CamelCamelCamel: Price History Extraction

CamelCamelCamel tracks Amazon price history and exposes chart data through predictable URL structures:

import httpx
import re
import json
from datetime import datetime, timezone


def get_camel_price_history(
    asin: str,
    proxy: str = None,
    store: str = "com",
) -> dict:
    """
    Extract price history data for an Amazon ASIN from CamelCamelCamel.

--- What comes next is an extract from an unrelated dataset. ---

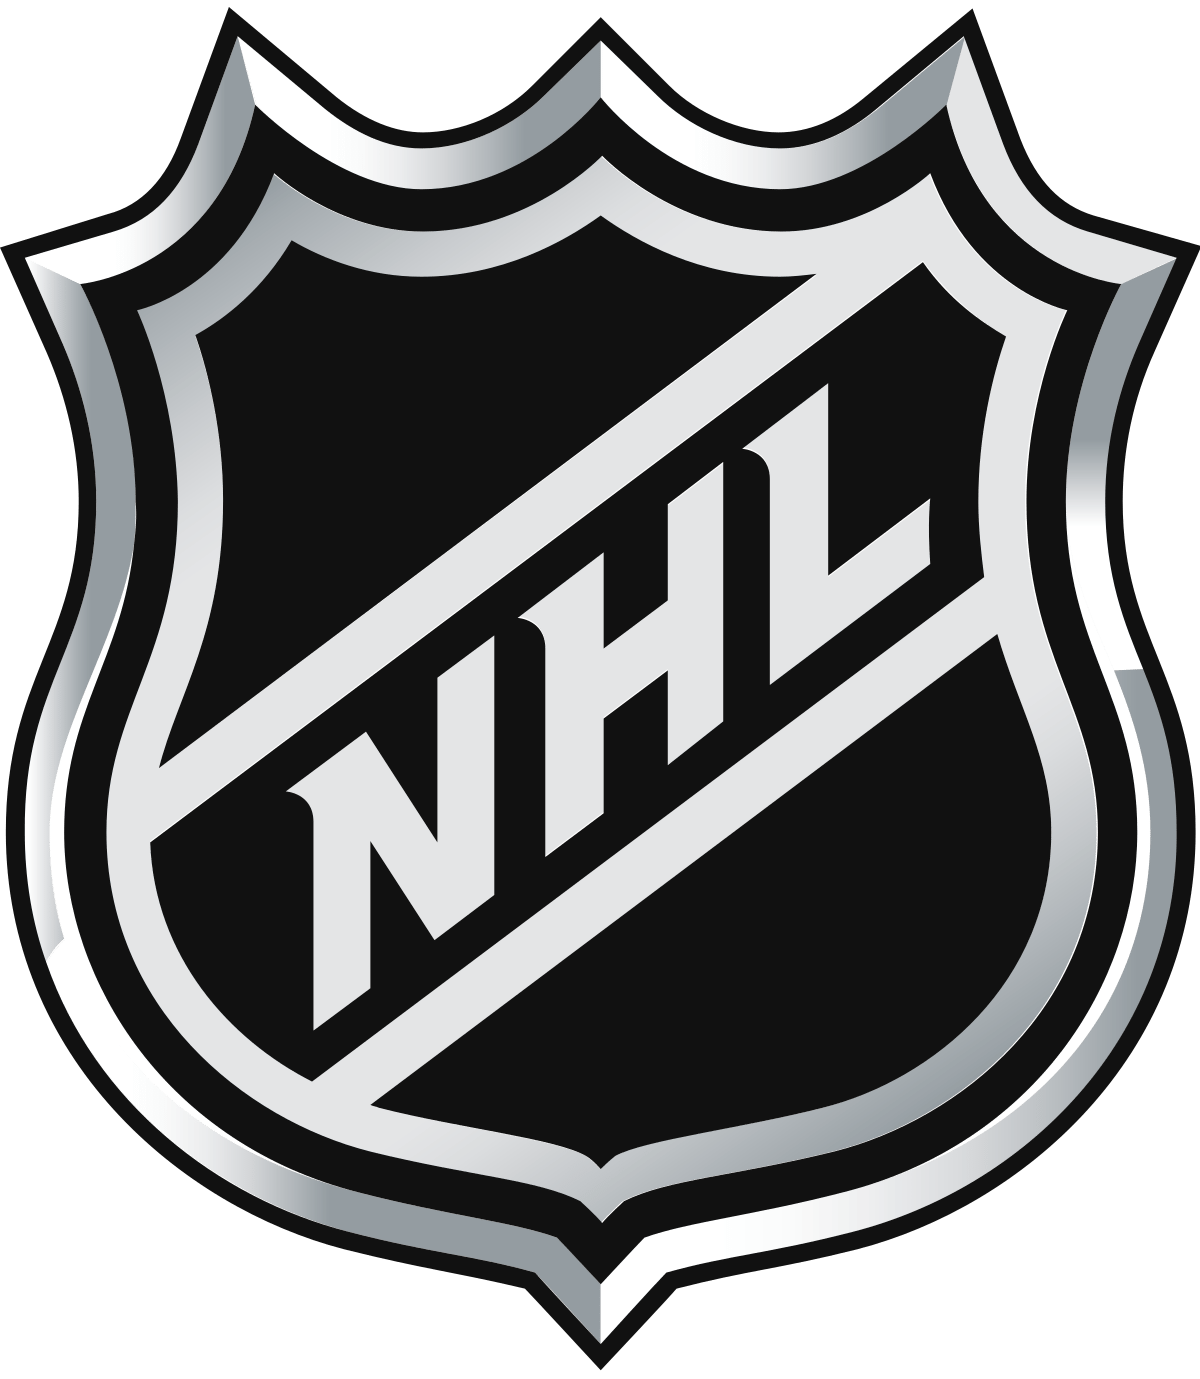 05_NHL_Shield.svg

    asin: Amazon ASIN (e.g., 'B0CHWRXH8B')
    store: Amazon store suffix ('com', 'co.uk', 'de', etc.)
    Returns dict mapping series name to list of {timestamp_ms, price} dicts.
    """
    # Map Amazon store to CamelCamelCamel domain
    domain_map = {
        "com": "camelcamelcamel.com",
        "co.uk": "uk.camelcamelcamel.com",
        "de": "de.camelcamelcamel.com",
        "co.jp": "jp.camelcamelcamel.com",
        "ca": "ca.camelcamelcamel.com",
        "com.au": "au.camelcamelcamel.com",
        "fr": "fr.camelcamelcamel.com",
        "it": "it.camelcamelcamel.com",
        "es": "es.camelcamelcamel.com",
    }
    domain = domain_map.get(store, "camelcamelcamel.com")
    url = f"https://{domain}/product/{asin}"

    headers = {
        "User-Agent": (
            "Mozilla/5.0 (Macintosh; Intel Mac OS X 10_15_7) "
            "AppleWebKit/537.36 (KHTML, like Gecko) "
            "Chrome/124.0.0.0 Safari/537.36"
        ),
        "Accept-Language": "en-US,en;q=0.9",
        "Referer": f"https://{domain}/",
        "Accept": "text/html,application/xhtml+xml",
    }

    client_kwargs = {}
    if proxy:
        client_kwargs["transport"] = httpx.HTTPTransport(proxy=proxy)

    with httpx.Client(
        headers=headers,
        follow_redirects=True,
        timeout=20,
        **client_kwargs,
    ) as client:
        resp = client.get(url)
        resp.raise_for_status()

    # CamelCamelCamel embeds Highcharts data as inline JS
    # Pattern: {"data":[[timestamp_ms, price], ...], "name": "label"}
    chart_data_pattern = re.compile(
        r'\{"data"\s*:\s*(\[\[.*?\]\])\s*,\s*.*?"name"\s*:\s*"([^"]+)"',
        re.DOTALL,
    )

    # Fallback pattern for different JS structure
    series_pattern = re.compile(
        r'"series"\s*:\s*\[(.*?)\]',
        re.DOTALL,
    )

    result = {}
    html = resp.text

    # Try direct data extraction
    for match in chart_data_pattern.finditer(html):
        data_json = match.group(1)
        name = match.group(2)
        try:
            points = json.loads(data_json)
            result[name] = [
                {
                    "timestamp_ms": p[0],
                    "price": p[1],
                    "date": datetime.fromtimestamp(p[0] / 1000, tz=timezone.utc).isoformat()[:10],
                }
                for p in points
                if len(p) == 2 and p[1] is not None
            ]
        except (json.JSONDecodeError, IndexError, TypeError):
            continue

    # If nothing found, try to extract product name at minimum
    if not result:
        title_match = re.search(r'<title>([^<]+)</title>', html)
        if title_match:
            result["_product_title"] = title_match.group(1).strip()
        result["_extraction_failed"] = True

    return result


def extract_price_stats_from_history(history: dict) -> dict:
    """
    Compute summary statistics from CamelCamelCamel price history.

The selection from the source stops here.